La stretta di Hormuz: tra petrolio, basi USA sotto tiro ed enigma saudita

Dopo l’attacco statunitense in Iran, il Golfo Persico – o Golfo Arabo, come lo chiamano dal lato della penisola arabica – torna il centro del mondo. Non è un’esagerazione: ciò che accade nello Stretto di Hormuz ha un impatto immediato sull’economia globale, sulla sicurezza energetica e sugli equilibri geopolitici più delicati del pianeta.

L’arma a doppio taglio di Teheran
La minaccia iraniana di bloccare lo Stretto di Hormuz è una classica mossa da guerra asimmetrica. Tra il 20 e il 30% del petrolio trasportato via mare transita da quel passaggio: bloccarlo vorrebbe dire provocare un’esplosione dei prezzi e mettere in crisi intere economie. Ma è anche una mossa pericolosa per l’Iran stesso, che danneggerebbe la propria capacità di esportare greggio, perderebbe leva diplomatica e rischierebbe una rappresaglia militare schiacciante. È un’arma che può essere mostrata, agitata, usata in forma intermittente, ma non facilmente impiegata fino in fondo senza conseguenze irreversibili.
Nelle ultime ore, come mostra la seconda immagine sotto, decine di petroliere stanno abbandonando l’area, segnale inequivocabile che l’industria teme una possibile chiusura dello stretto.

Le basi americane nel mirino
Il Golfo è punteggiato di basi statunitensi. Kuwait, Bahrein, Qatar, Emirati Arabi Uniti, Arabia Saudita e Oman ospitano da decenni forze americane, con presenze che vanno dalle decine di consiglieri militari alle vere e proprie installazioni strategiche. Dopo il diretto coinvolgimento dell’aviazione USA nei raid contro obiettivi in Iran, queste basi diventano target legittimi per una possibile ritorsione di Teheran o delle sue milizie proxy. Il rischio maggiore non è tanto un attacco convenzionale, quanto una campagna di azioni asimmetriche: droni, sabotaggi, incursioni cibernetiche, operazioni sotto falsa bandiera. La geografia militare del Golfo, oggi più che mai, è un punto debole dell’architettura di sicurezza americana.
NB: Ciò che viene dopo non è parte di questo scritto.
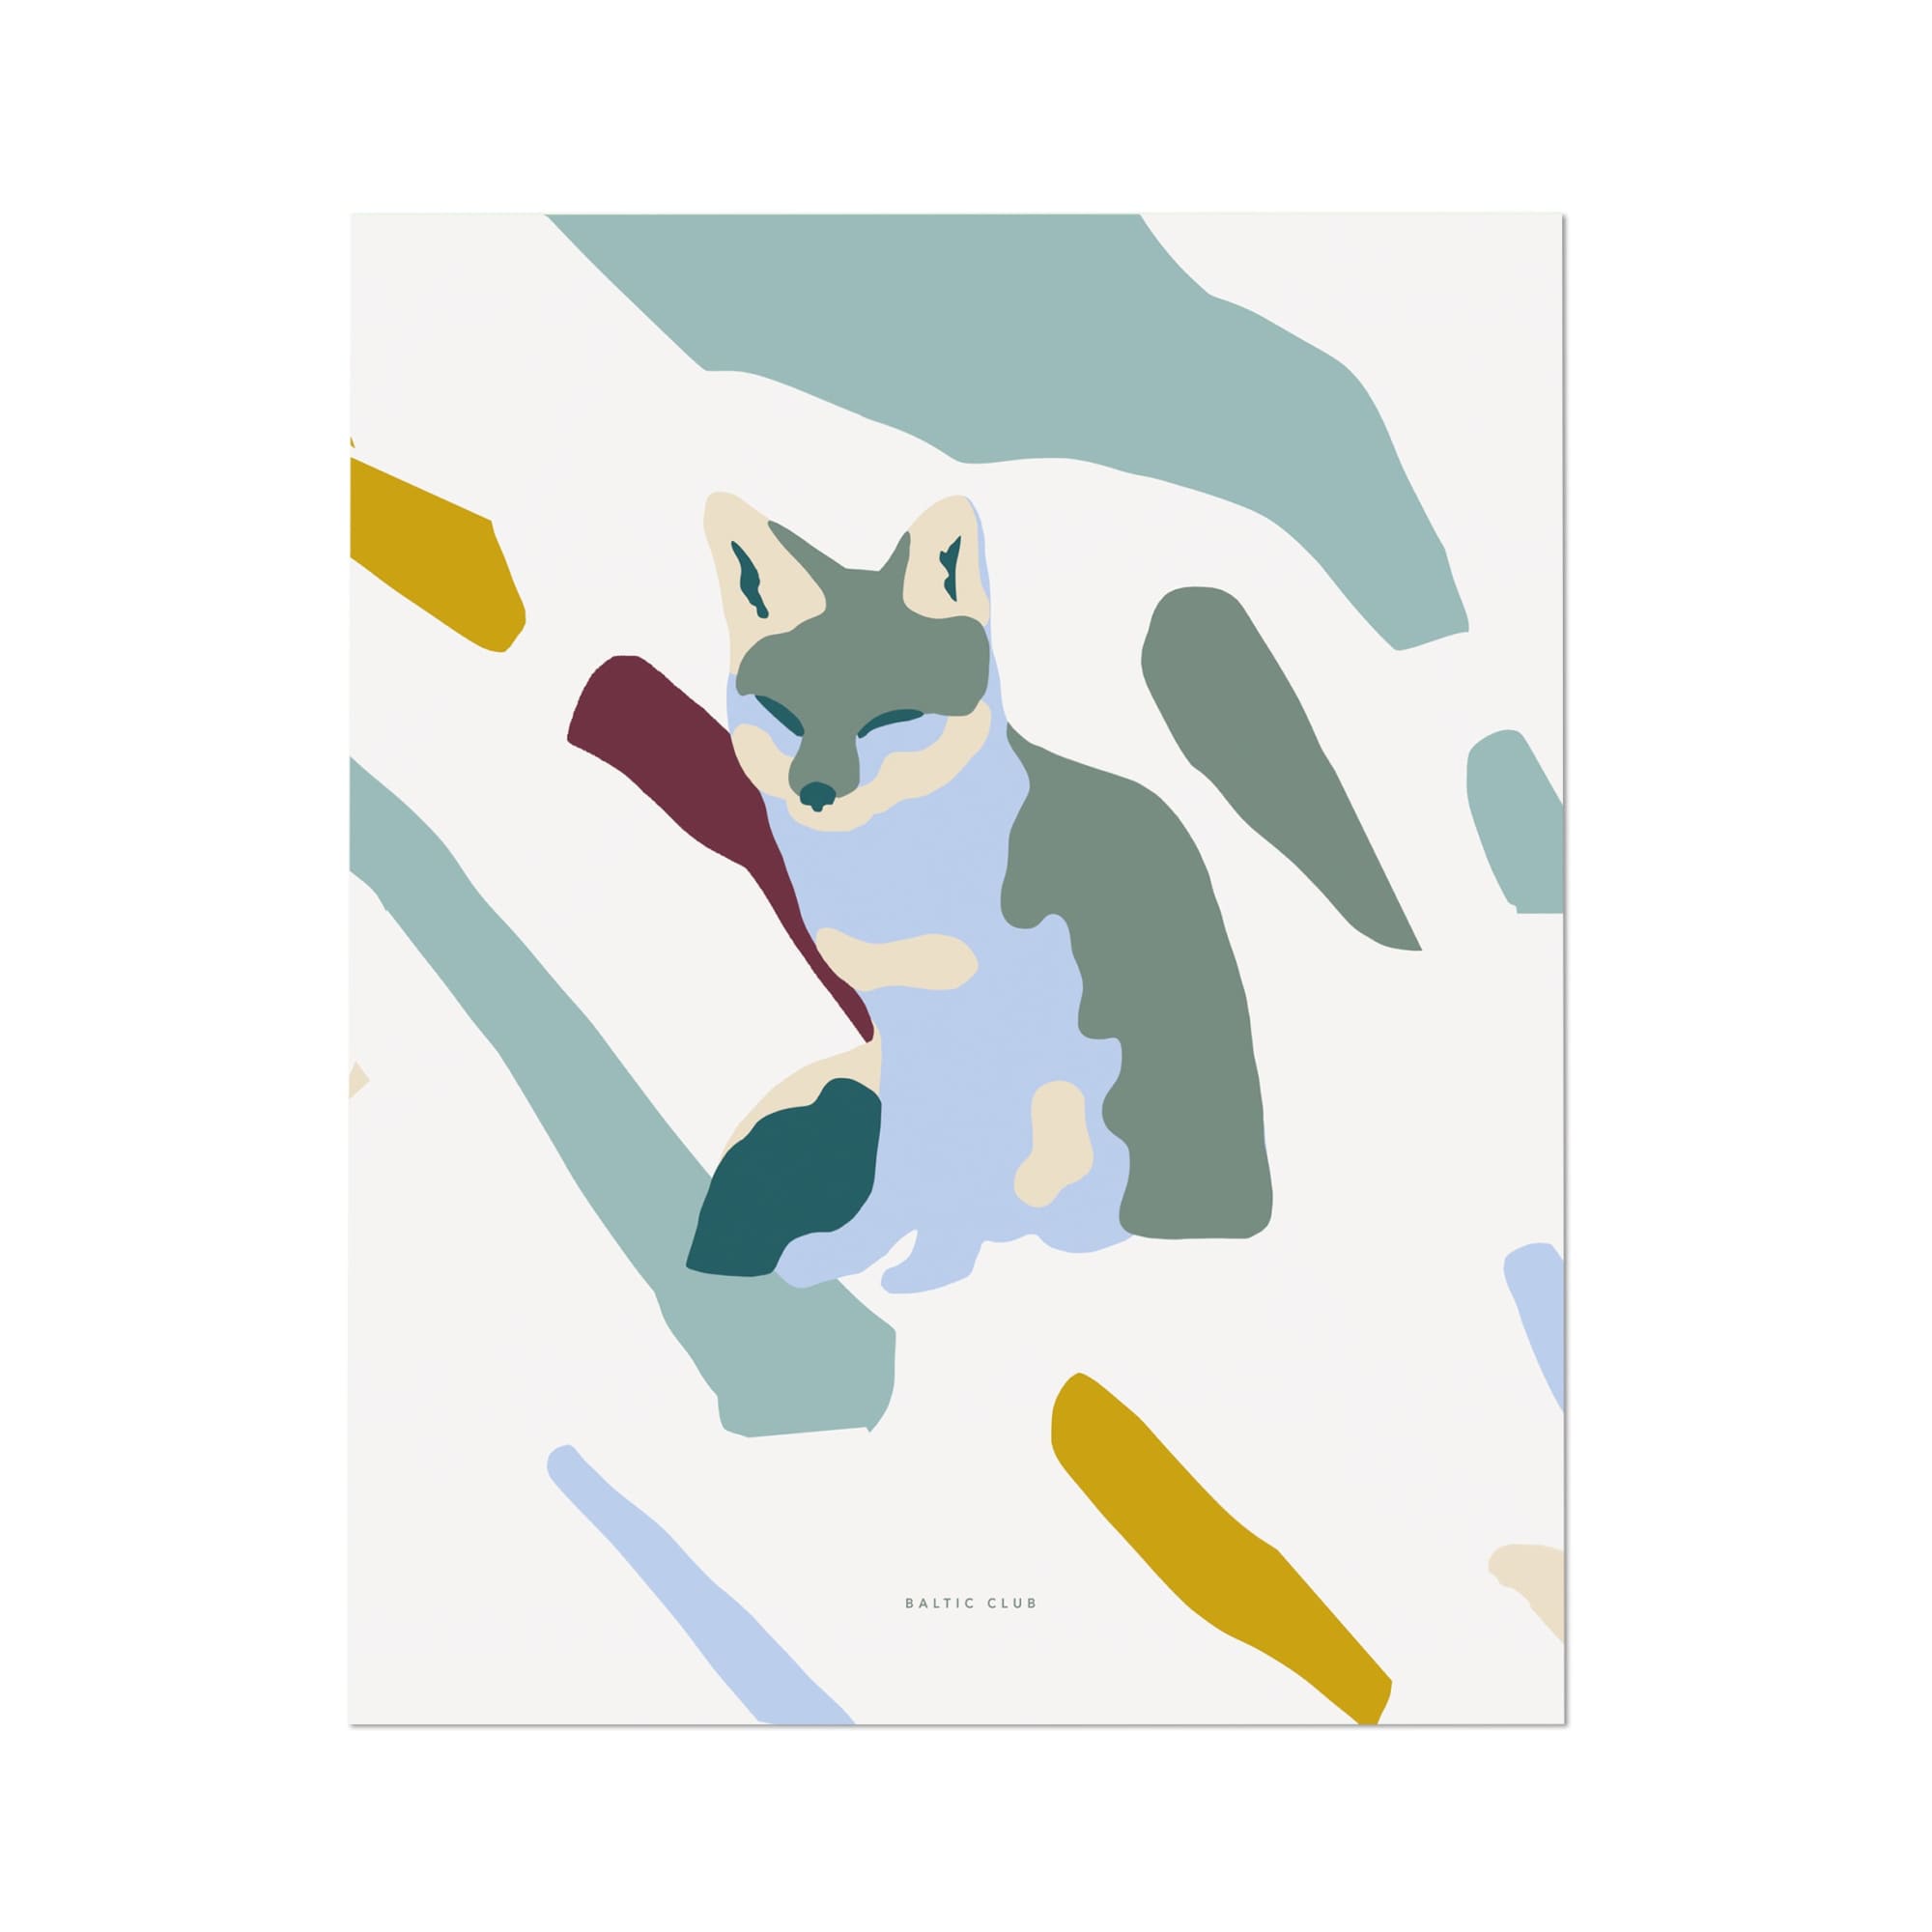 Kit Fox Art Print | 8 x 10 | The Baltic Club

Arabia Saudita, il gioco sottile dell’ambiguità
Molti analisti si sono chiesti quale sarà la risposta dell’Arabia Saudita. Dopo il primo attacco israeliano in Iran, Riyad si era affrettata a condannare pubblicamente l’azione. Alcuni avevano preso sul serio quella condanna, altri l’avevano considerata una dichiarazione di facciata, utile a preservare una certa narrazione pubblica nel mondo arabo. Ma oggi lo scenario è cambiato: non si tratta più di Israele, ma degli Stati Uniti, il partner strategico per eccellenza del Regno.
E qui bisogna essere chiari: la vera scelta dell’Arabia Saudita non è tra sostenere o condannare l’azione americana – bensì tra rendere visibile o invisibile il proprio allineamento. Nessuna monarchia del Golfo, men che meno quella saudita, può permettersi una rottura con Washington. La sicurezza interna, la difesa dello spazio aereo, la protezione dei siti petroliferi e perfino la modernizzazione tecnologica del Paese si reggono su quella partnership.
Il dilemma di Mohammed bin Salman, dunque, è un altro: quale narrativa offrire al mondo arabo e al proprio popolo, e in parallelo quale sostegno discreto assicurare all’alleato statunitense. Lo farà aprendo o chiudendo spazi aerei? Fornendo intelligence? Sostenendo in silenzio un aumento della produzione petrolifera per compensare i contraccolpi sui mercati? Ogni gesto sarà letto, interpretato, usato.
Verso la prossima mossa
Il Medio Oriente è entrato in una fase in cui la deterrenza si esercita meno con le parole e più con i movimenti delle navi e dei droni. Il traffico in uscita dallo Stretto di Hormuz, visibile nella mappa satellitare, parla da solo: l’instabilità è già nei numeri, nel prezzo del barile, nel movimento frenetico delle compagnie petrolifere che cercano porti più sicuri.
La partita non si gioca solo tra Washington e Teheran. Si gioca soprattutto tra Teheran e le capitali del Golfo, e dentro quelle capitali, tra i palazzi del potere e le opinioni pubbliche sempre più agitate. In mezzo, ci sono le basi americane, vulnerabili e strategiche. E al di là del Mediterraneo, c’è un’Europa fragile, i cui tentativi di negoziato con il regime degli ayatollah si sono già infranti.